In Canadian Army training, we were taught to NEVER grasp the #4 bolt handle in any way. The knob is cupped in the palm of the hand for the rearward stroke, and pushed closed with the heel of the hand for the forward stroke. The index finger comes naturally to the trigger. This method is lightning-fast and very certain of function, and it only uses two motions. There is no forward-stop-then-down, it is simply forward, with no hesitation or stoppage anywhere in the bolt movement.

This is a much easier action to accomplish than the grasping-of-the-knob technique, and in fact it works best for almost all bolt actions, regardless of action design. It's also much easier with a gloved or mittened hand, which is no small thing in the Canadian climate. Issue mitts had the flap-covered slot in the palms for the trigger finger, and it's very difficult to 'grasp' a bolt knob when wearing mittens, believe me.

On the issue of COO vs COC, it occurs to me that an easy personal comparison would be to try both, in the form of an as-issued Model 98 against a similar M96 Swede or M93 Spanish Mauser.
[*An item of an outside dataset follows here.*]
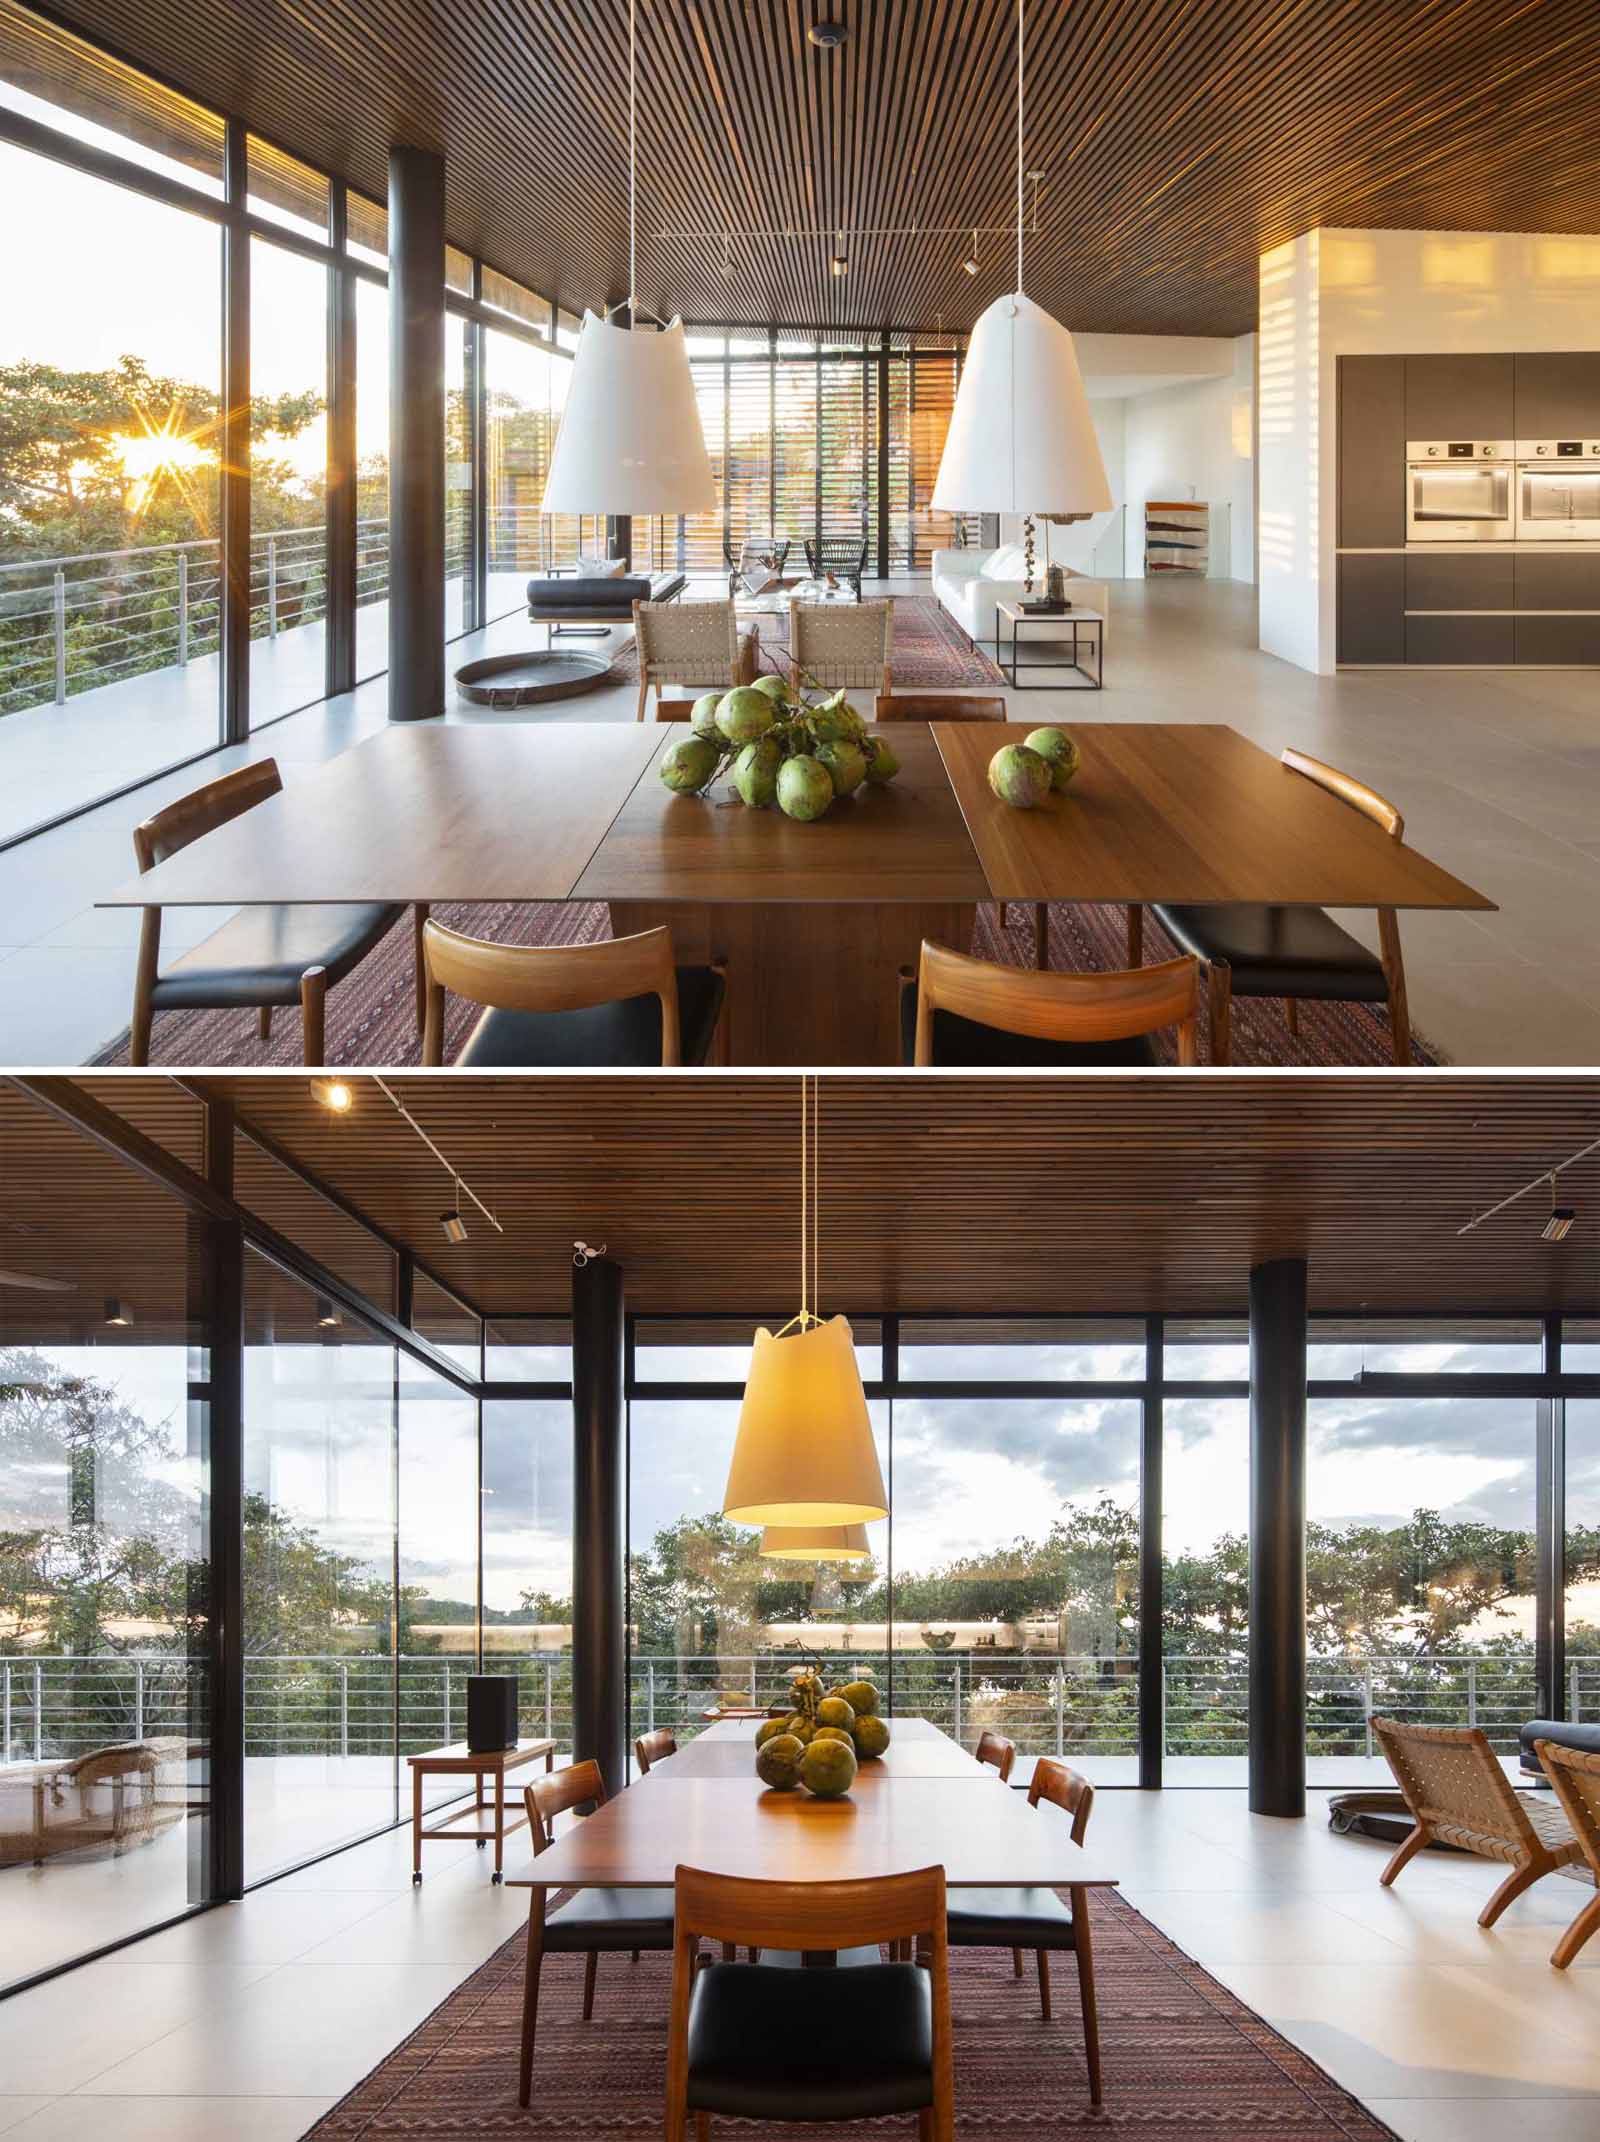 Inside this modern home, the living room shares the open floor plan with the dining room, all of which feature floor-to-ceiling windows, flooding the interior with natural light.

The 93/96 have a longer cocking-piece fall, but that's really about the only major functional difference, except for the method of cocking, of course.
 
For all out speed, the smelly seems impossible to beat.

Now, would someone care to tell me what the Arisaka rifles happen to be? (COO or COC)

The action seems like it requires a strong pull to open as well as a stiff shove to close. I'm playing with my type 44 and mum-intact type 99 as we speak. :evil:
Also curious about the Krag in the safe, but don't feel like putting down the strongest bolt action rifle from WWII.
 
Now, would someone care to tell me what the Arisaka rifles happen to be? (COO or COC)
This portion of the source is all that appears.